Controlling angiogenesis electrically?

Cunha, Filipa January 2016 (has links)
Physiological electrical fields (EFs) can direct some important angiogenic responses of endothelial cells such as directional migration, orientation and proliferation. It has been reported that human umbilical vein endothelial cells (HUVEC) and human microvasculature endothelial cells (HMEC) migrate in opposite directions; to anode and cathode, respectively. Although, in the present study both cell types migrated toward the cathode, HUVEC directedness started at 50mV/mm while HMEC directedness started at 100mV/mm. These results suggest that EFs can promote wound healing by directing endothelial cells to the wound site since EFs of 40 to 100 mV/mm are present in normal healing wounds. EFs also increased cell proliferation and orientated the cleavage plane of dividing cells perpendicular to the EF vector in both endothelial cell lines.
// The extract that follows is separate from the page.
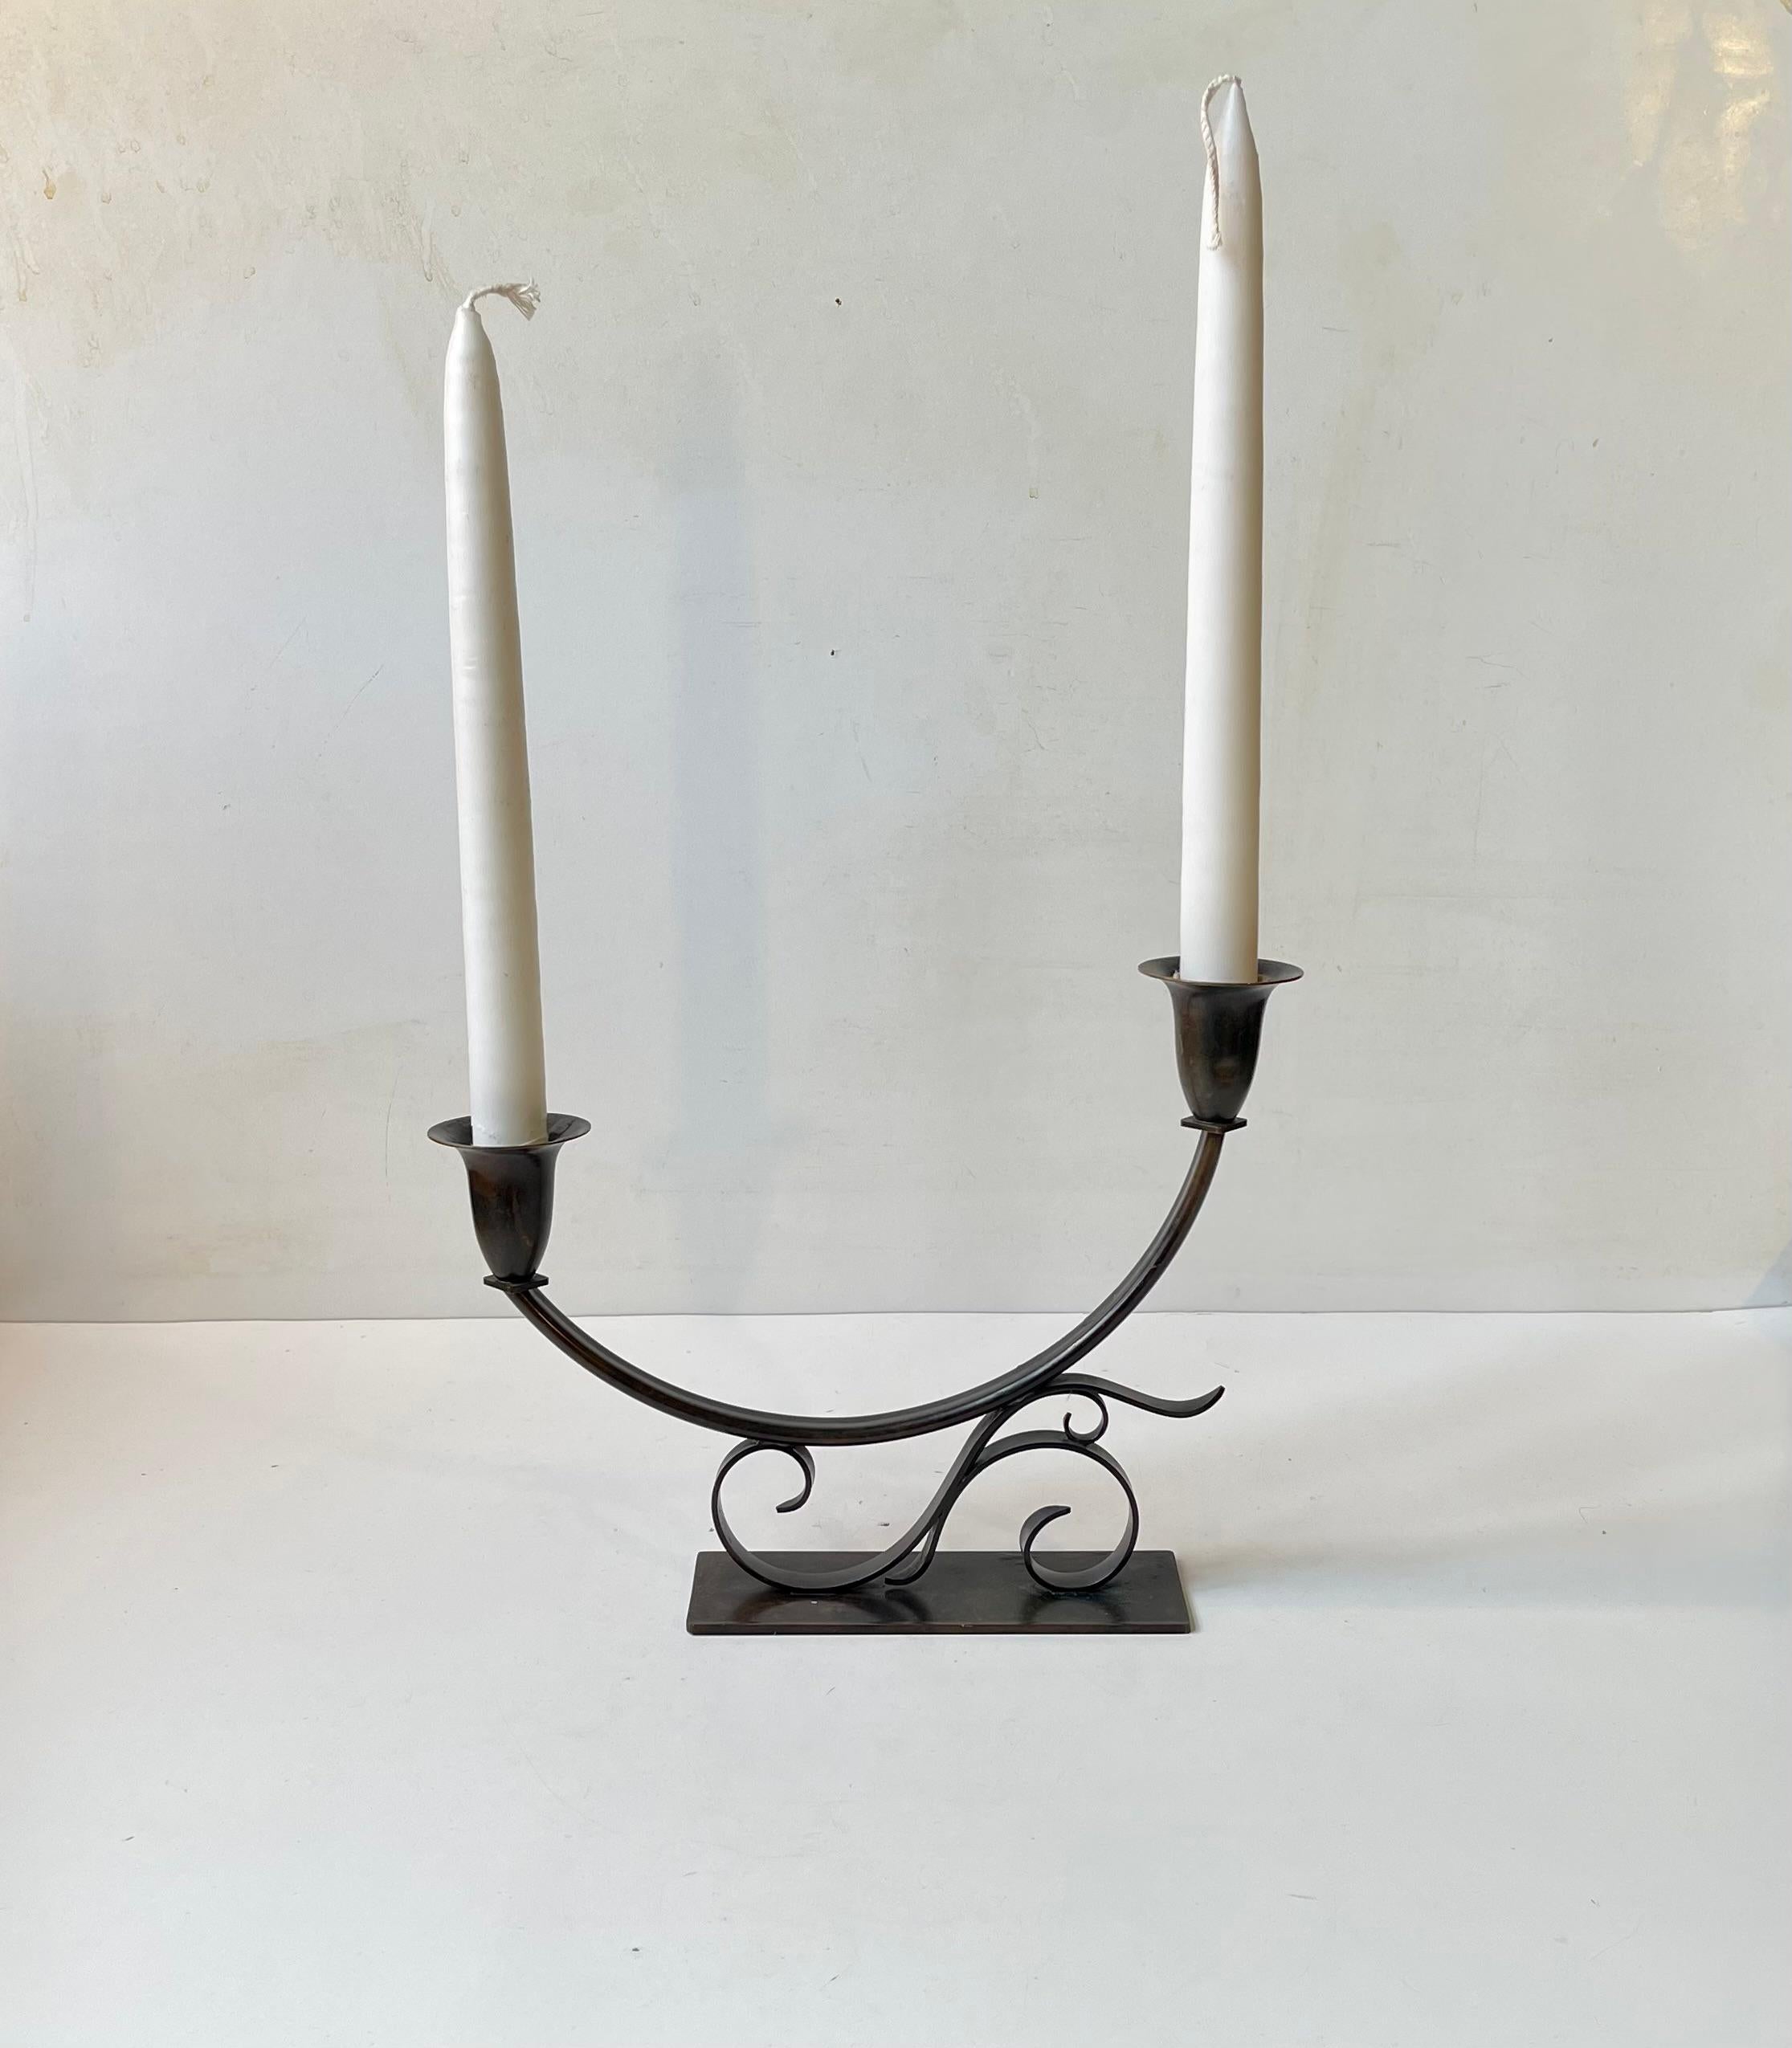 Danish Art Deco Patinated Bronze Candle Holder by Holger Fredericia, 1930s For Sale

The present study showed for the first the time that EFs upregulated the expression of the chemokine receptors CXCR4 and CXCR2 as well as upregulating the levels of phosphorylation of both chemokines in HUVEC and HMEC. It also showed differences of chemokine receptors used by HUVEC and HMEC cells in the early stages of electrotaxis. Ionizing radiation has been shown to directly phosphorylate VEGF receptors in the absence of its ligand VEGF. A question was raised: in the absence of the ligands are EFs able to directly phosphorylate the chemokine receptors? Results showed that in starved HUVEC cells EFs had no effect on the phosphorylation levels of CXCR4 and CXCR2 however in starved HMEC cells an EF may have a direct effect on the phosphorylation levels of CXCR4 and CXCR2. Therefore, EFs represent a physical stimulus that could directly phosphorylate proteins in the absence of its ligand. This work substantiate the importance of endogenous EFs in directing endothelial cells and suggests that EFs might be developed as a component in the clinic to control angiogenesis.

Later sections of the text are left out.